We developed a new HMM-based segmentation algorithm to identify H3K27me3 domains, as well as a novel mixed model framework for the joint analysis of ChIP-chip data from more complicated experimental designs, here applied to CTCF binding data from multiple cell types (see details in Text S1).
Motif discovery
Motif discovery was performed separately for each insulator. Peak centers that were at least 1 kb away from the peak center of any other insulator were taken (“uniquely bound peaks”) and +/− 100 bp windows were generated excluding coding exons, repeats, transposons, 3′ untranslated regions and non-coding RNAs (“excluded regions”). For each insulator up to 500 of the regions were randomly selected and enriched motifs were identified using MEME [66], AlignACE [67], and MDscan [68]. All programs were run with default parameters except for MEME, which was restricted to a maximum of 3 iterations and a maximum motif width of 25. Instances of each of the motifs at conservation levels from 0.0 to 1.0 confidence (in steps of 0.1) were identified in all Intergenic regions (defined as genomic regions excluding those noted above) using the motif instance pipeline described in [69] with a PWM threshold corresponding to a p-value of 4−8 as determined by TFM-Pvalue [70]. The motifs were ranked using the fraction of instances found in the uniquely bound regions divided by the fraction for instances of shuffled control motifs at the same conservation cutoff (Wilson's confidence interval at Z = 1.5 was used on the ratios to give a conservative enrichment). This procedure is designed to reduce biases due to composition or conservation level. The motif with the highest enrichment at any confidence level was selected.
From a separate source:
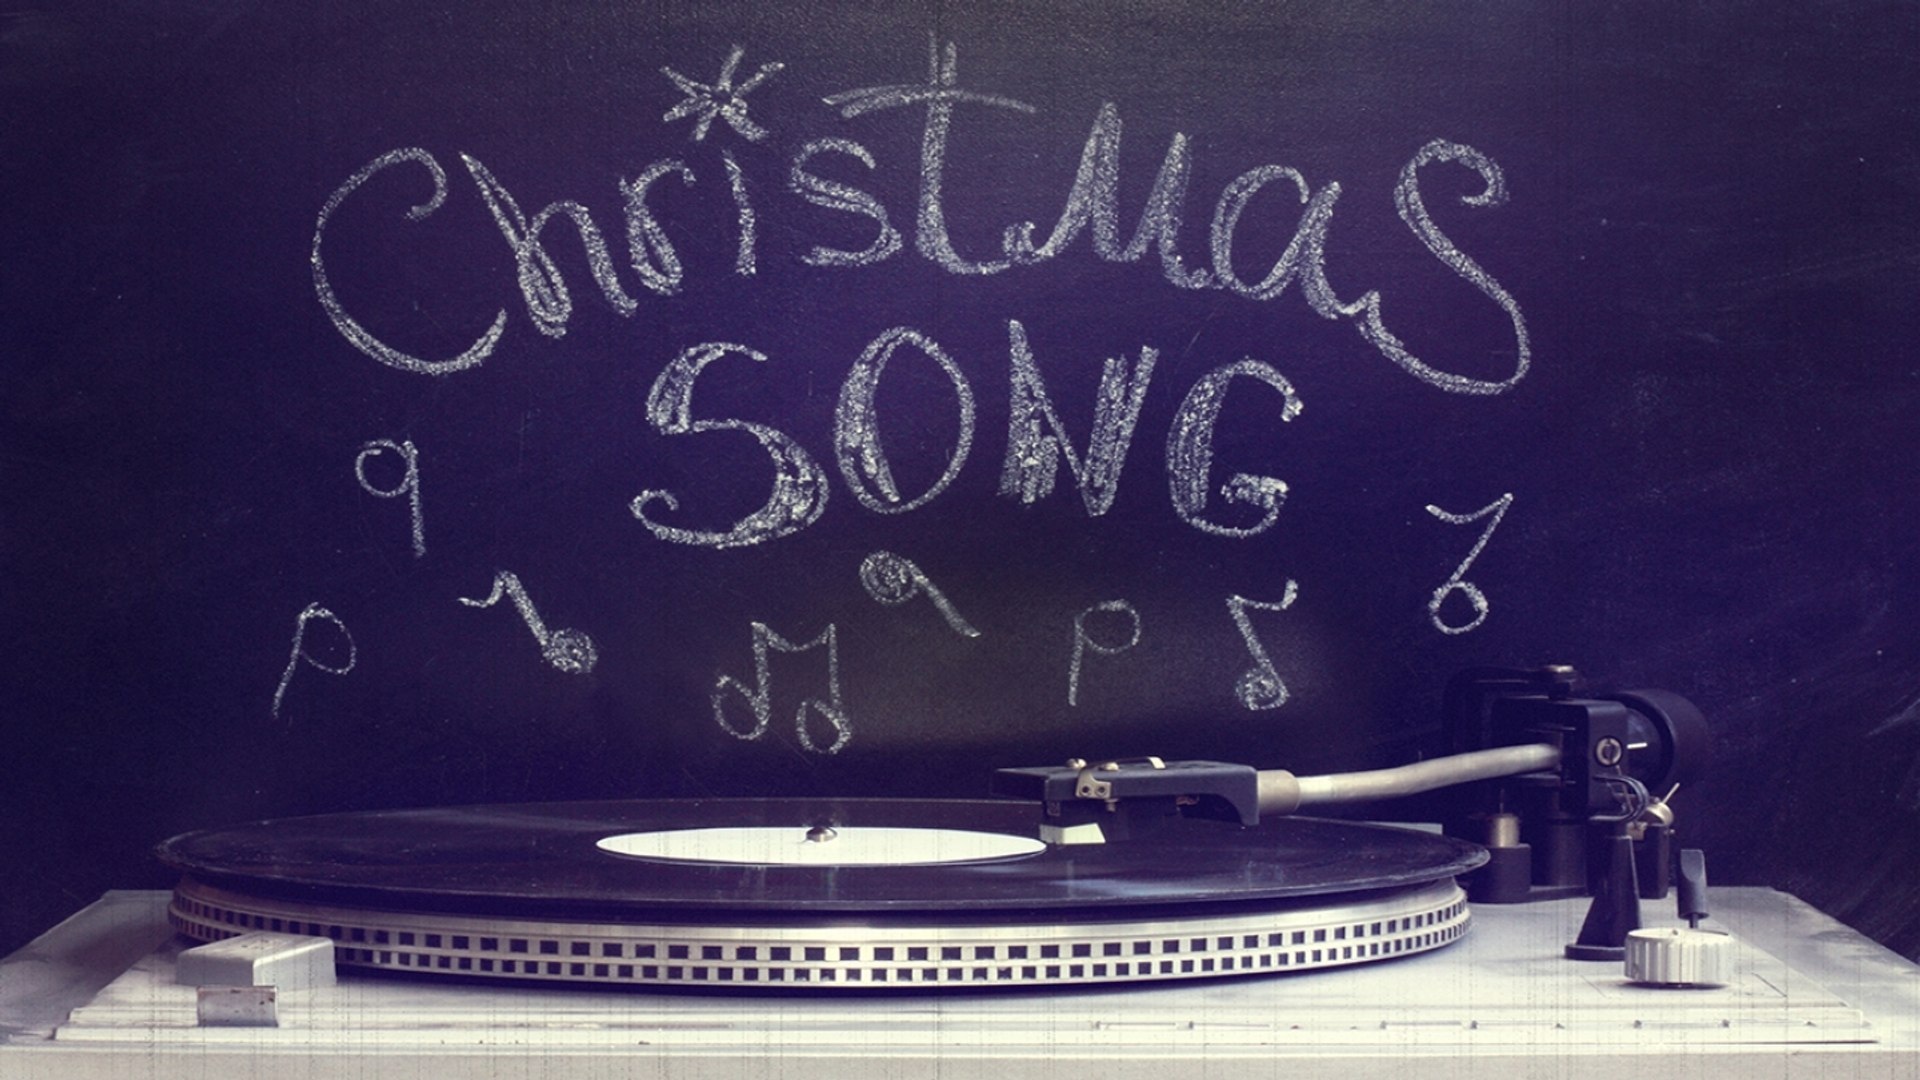 VA - Christmas Songs Mix - Jazz, Classical #Happy Christmas 2018-2019
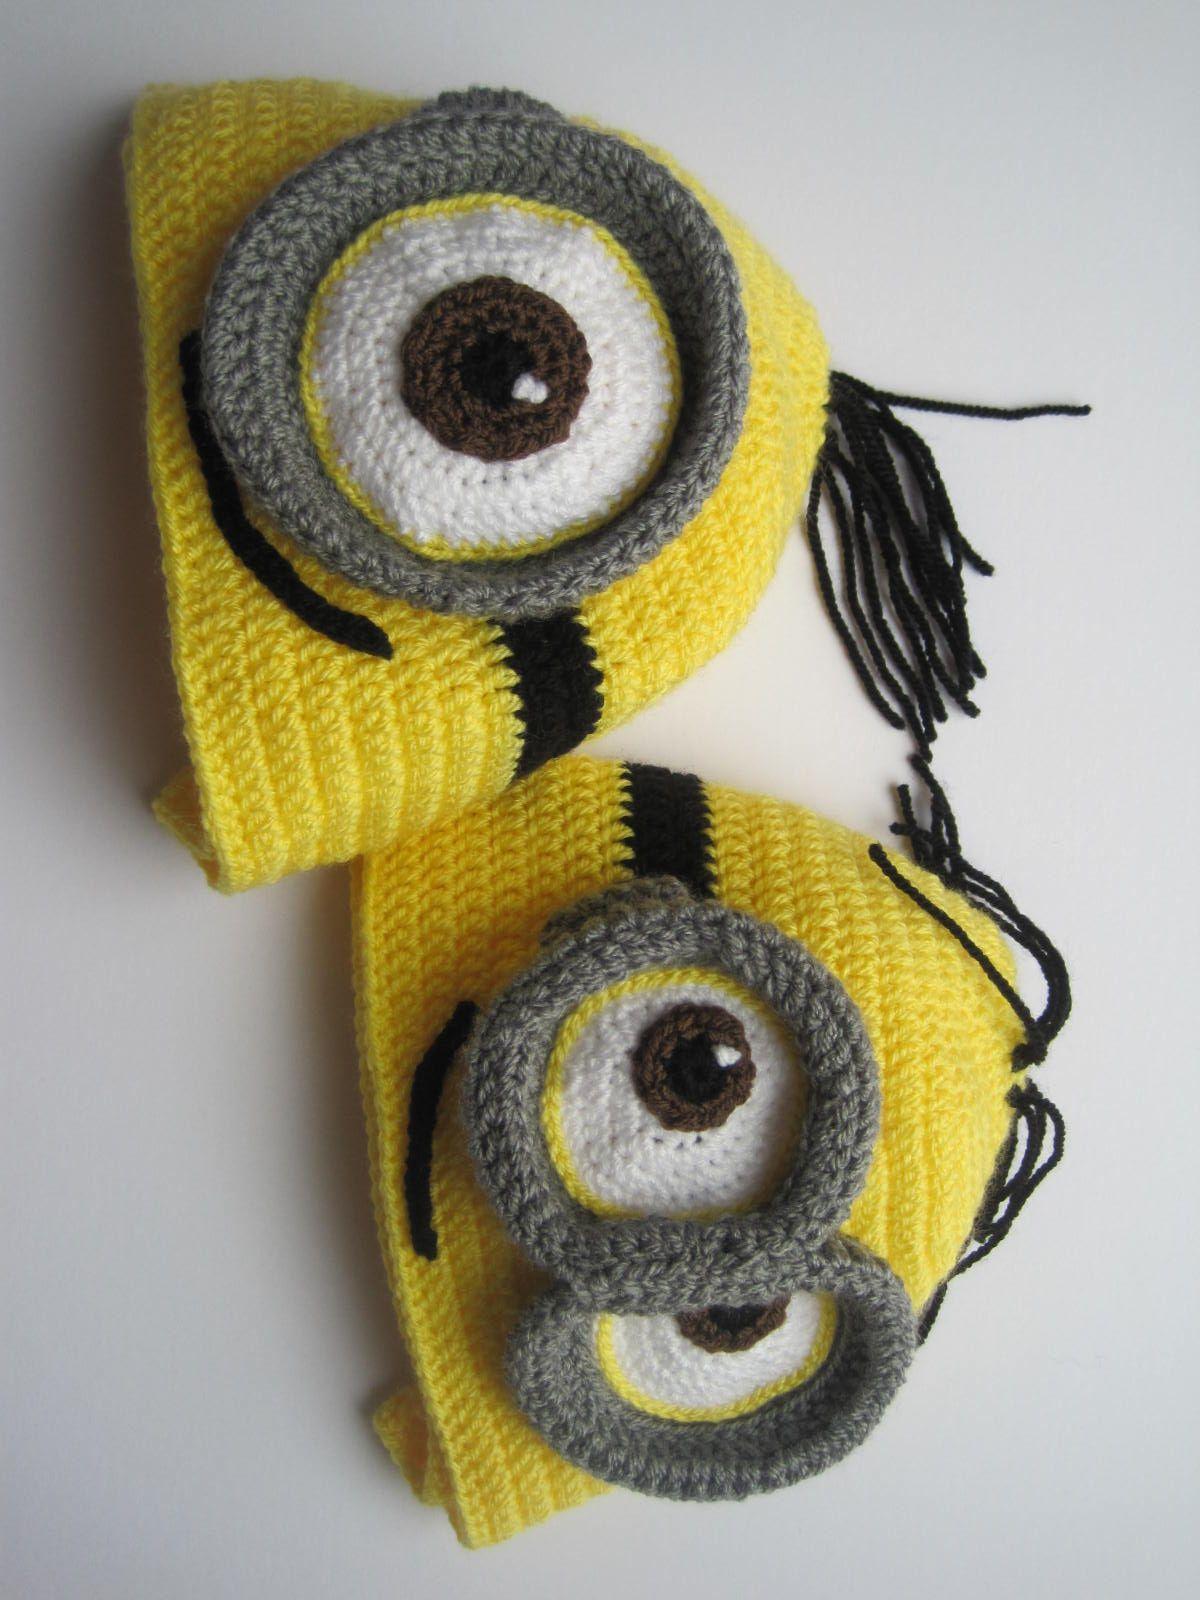 Minion inspired crochet hats little cousins crochet hats minion inspired crochet hats little cousins bankloansurffo Choice Image

This procedure was repeated using the MAT peak regions (rather than +/− 100 bp) to produce the comparison in Figure S4 (otherwise the +/− 100 bp motifs are used throughout).
Genomic distribution analyses
Genomic distribution analyses only used insulators mapped to chromosomes 2L, 2R, 3L, 3R, 4, and X. All gene annotations, including transcription start site locations and alternative promoter presence were defined according to RefSeq annotations. Transposable element locations were based on Flybase annotations. Divergently transcribed genes were identified as all adjacent transcription start sites, on opposite strands, between 500 and 2500 bases apart. Alternative promoters were identified as all RefSeq annotated genes with more than one distinct transcription start site. The ‘all adjacent’ gene set included all adjacent gene pairs whose transcription start sites were between 1500 and 20000 bases apart, regardless of strand. Cis-regulatory elements and their target genes were defined according to the RedFly database [71]. Breakpoints of regions of conserved synteny across the 12 sequenced Drosophilids were identified in [47].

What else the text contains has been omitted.